Provided information -
※
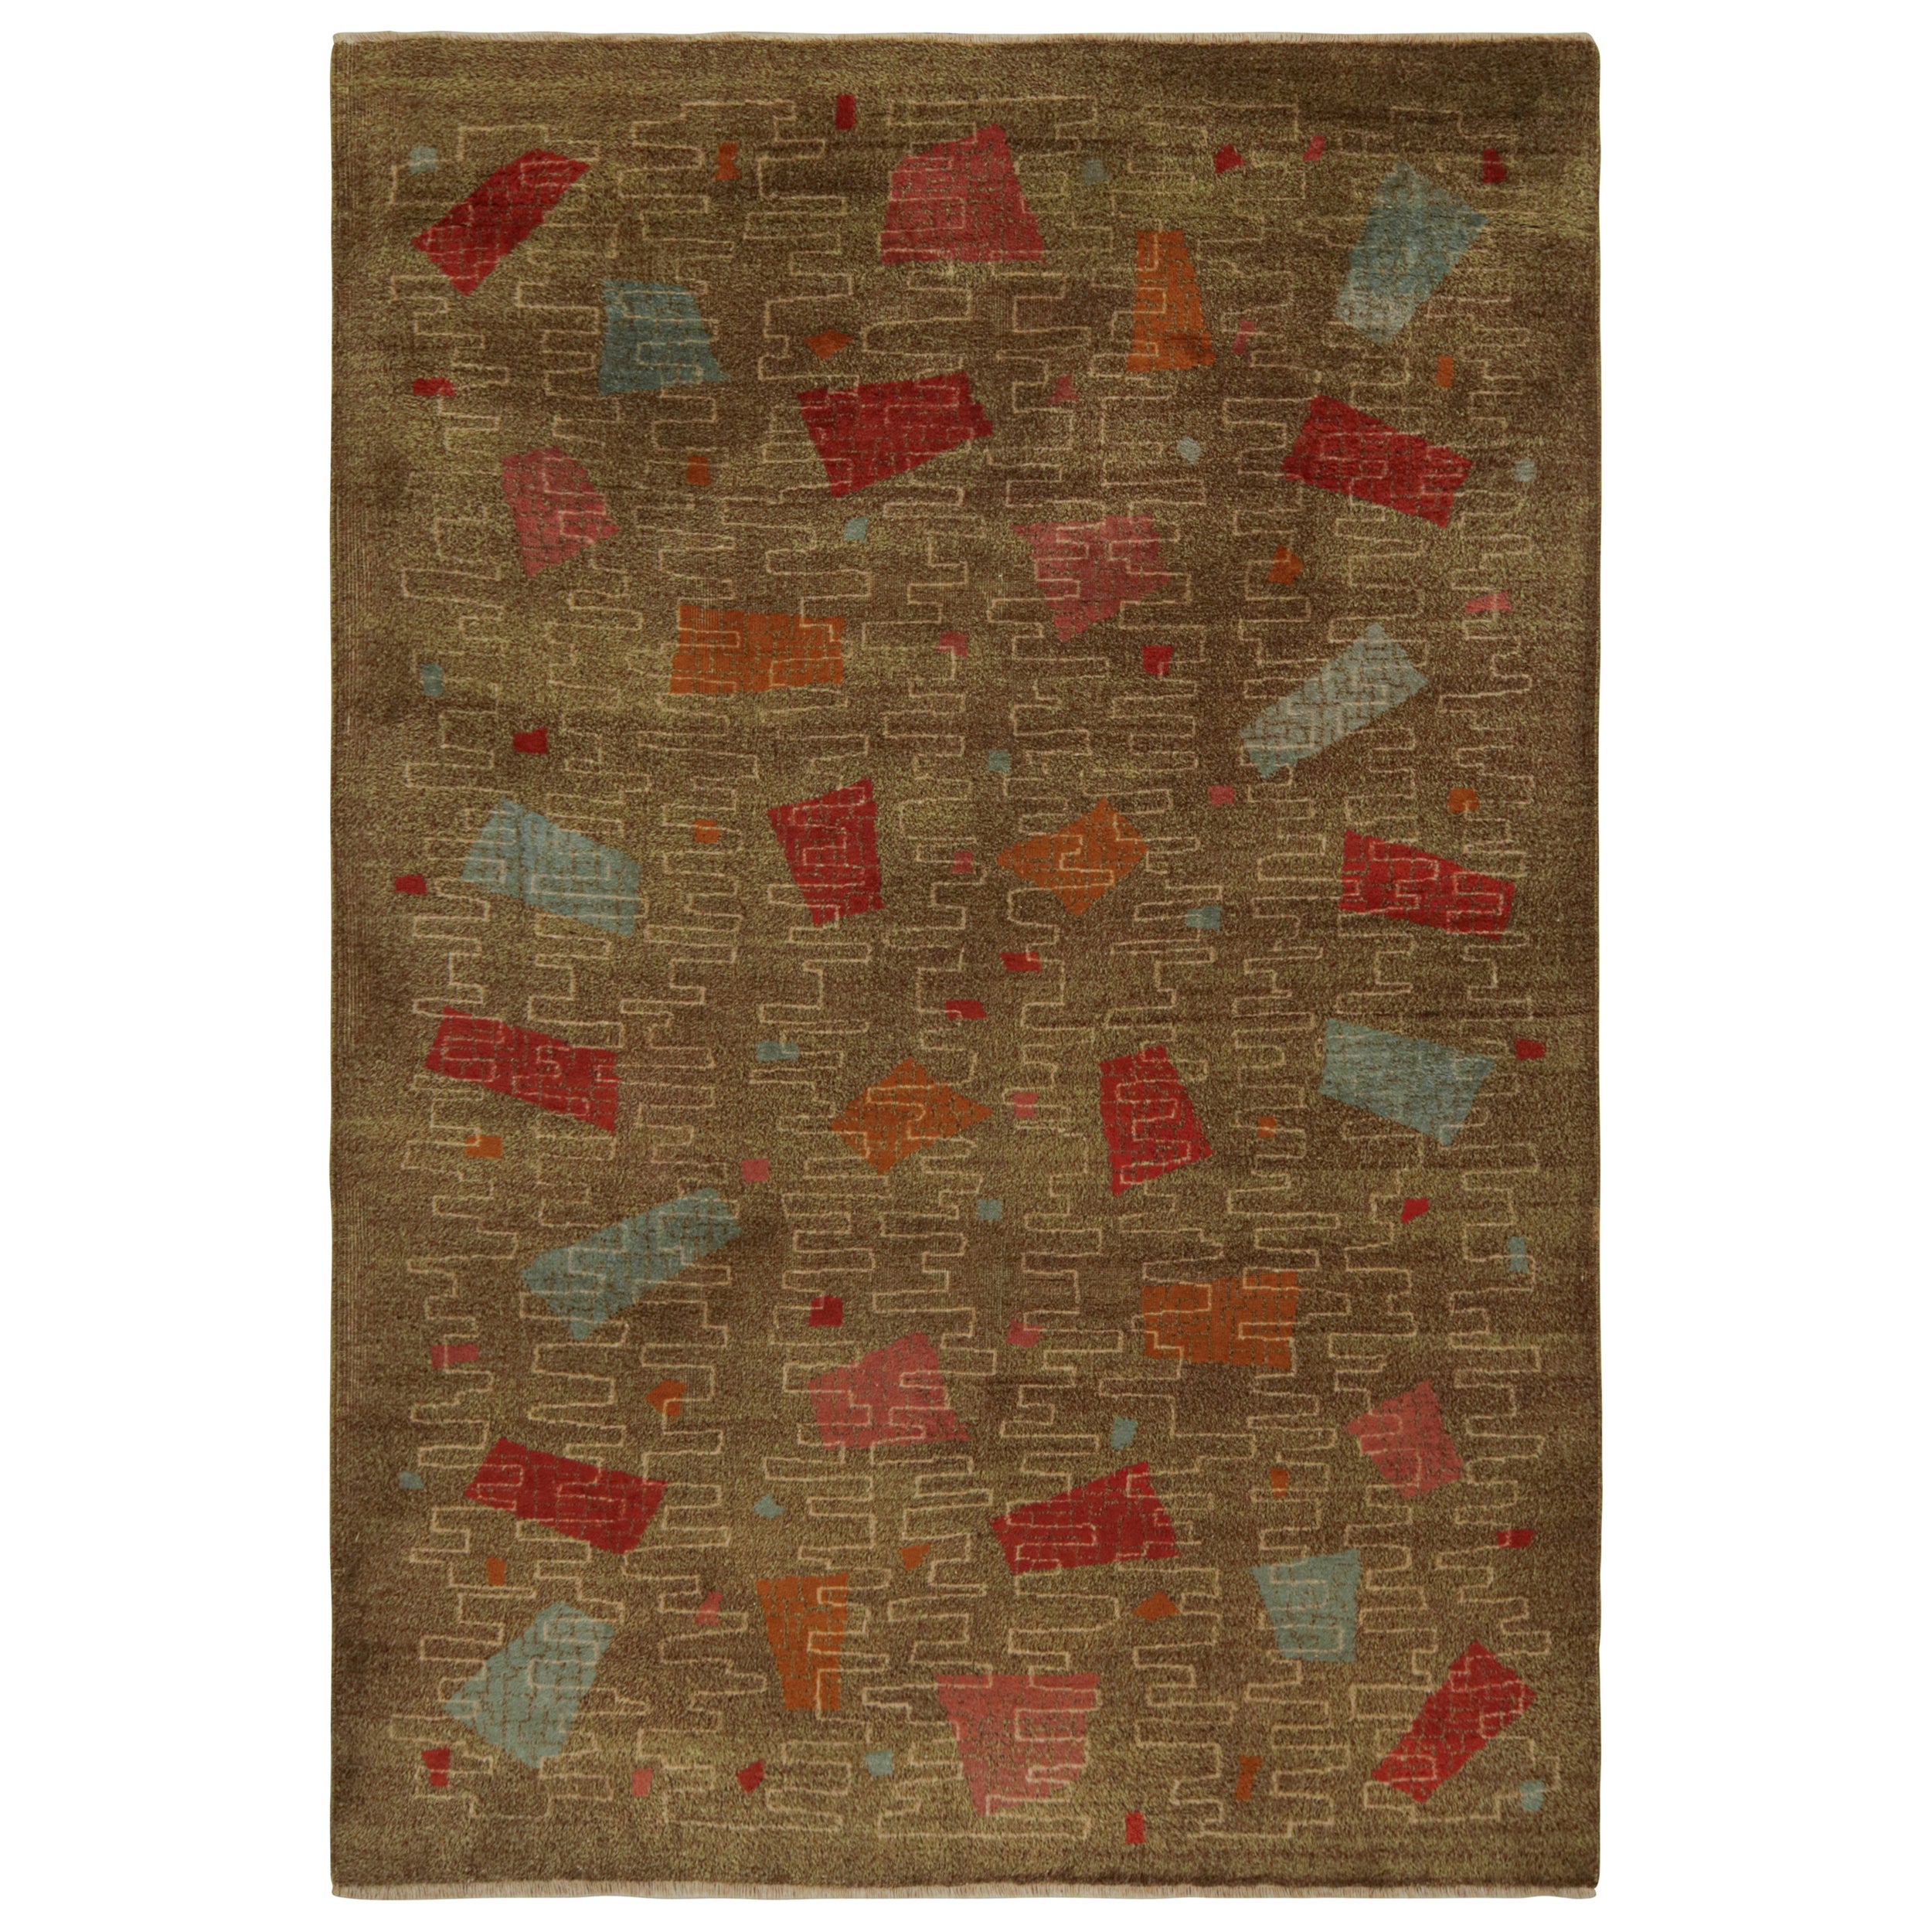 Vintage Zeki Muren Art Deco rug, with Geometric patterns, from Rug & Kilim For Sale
※
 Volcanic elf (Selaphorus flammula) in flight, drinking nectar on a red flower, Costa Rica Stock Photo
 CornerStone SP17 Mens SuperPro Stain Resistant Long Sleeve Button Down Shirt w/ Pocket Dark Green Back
※
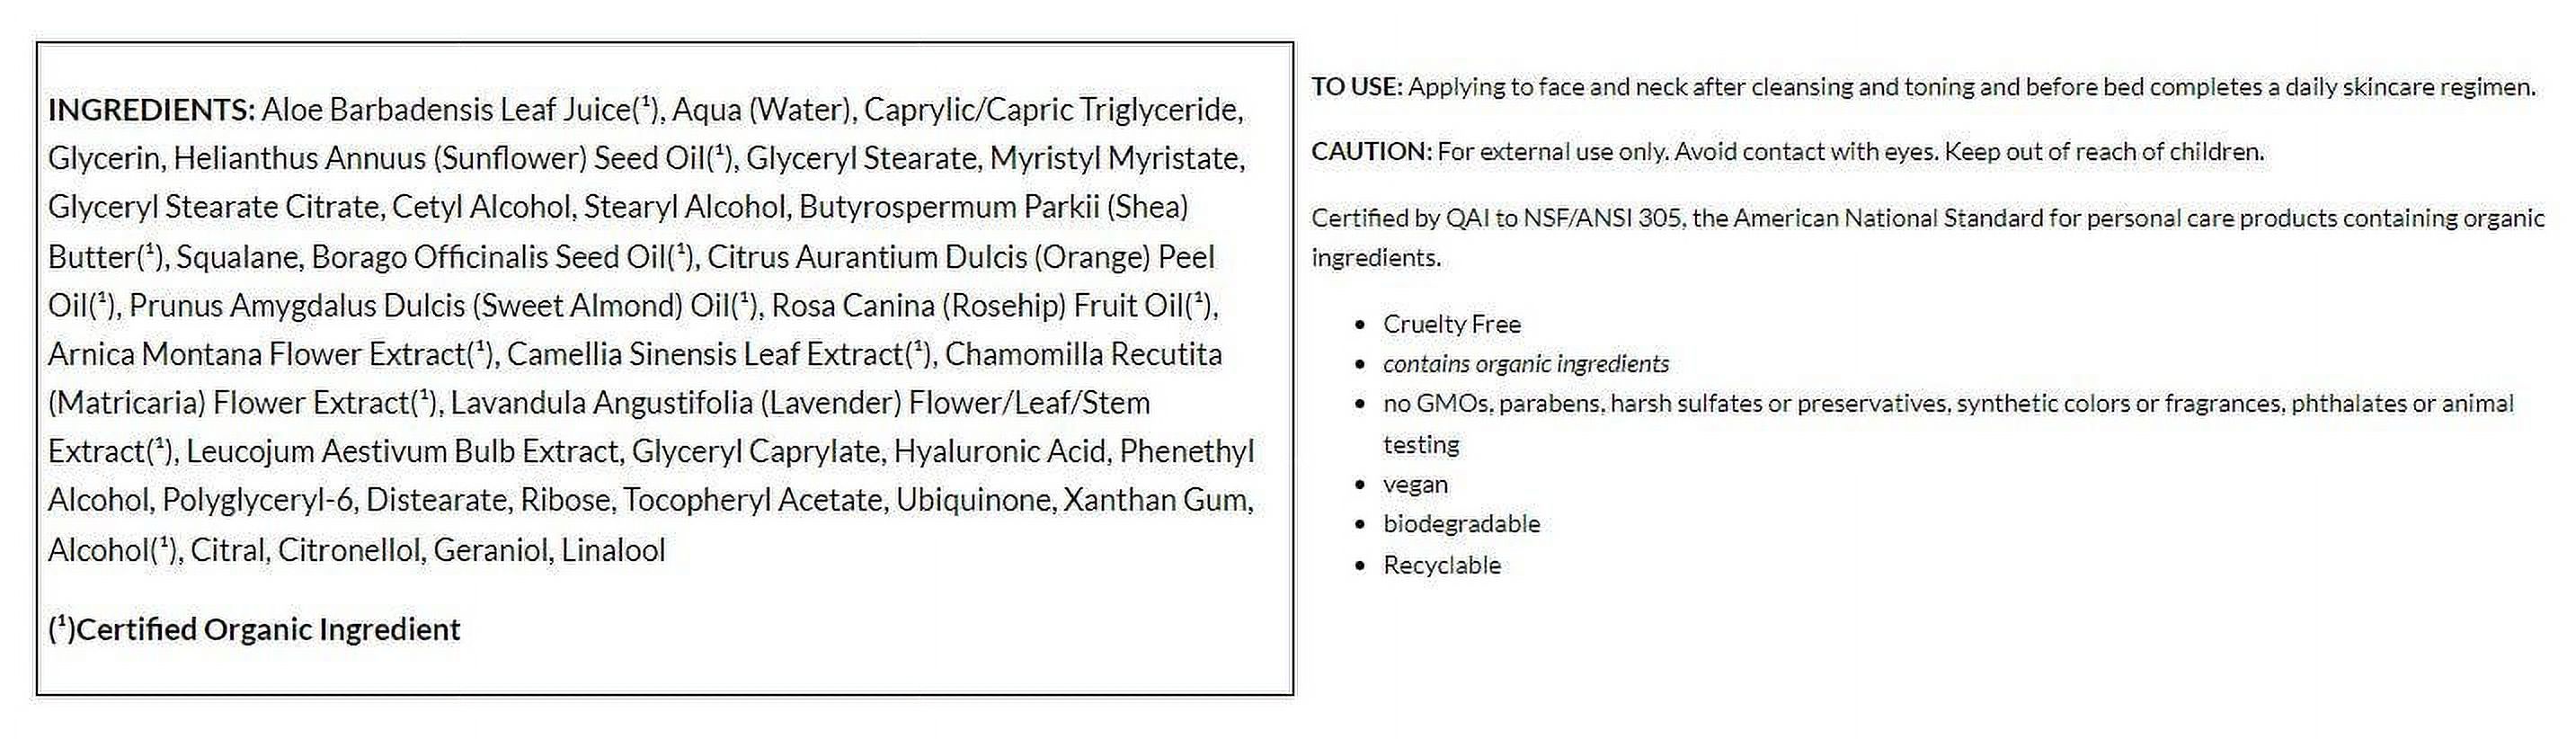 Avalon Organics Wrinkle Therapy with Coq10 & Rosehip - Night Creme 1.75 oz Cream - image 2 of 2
※
Instructions for the task -
The response must hold only the lines above from the line with "Volcanic elf (Selaphorus" through the line with "CornerStone SP17 Mens", each copied exactly, both ends kept.

Response below -
 Volcanic elf (Selaphorus flammula) in flight, drinking nectar on a red flower, Costa Rica Stock Photo
 CornerStone SP17 Mens SuperPro Stain Resistant Long Sleeve Button Down Shirt w/ Pocket Dark Green Back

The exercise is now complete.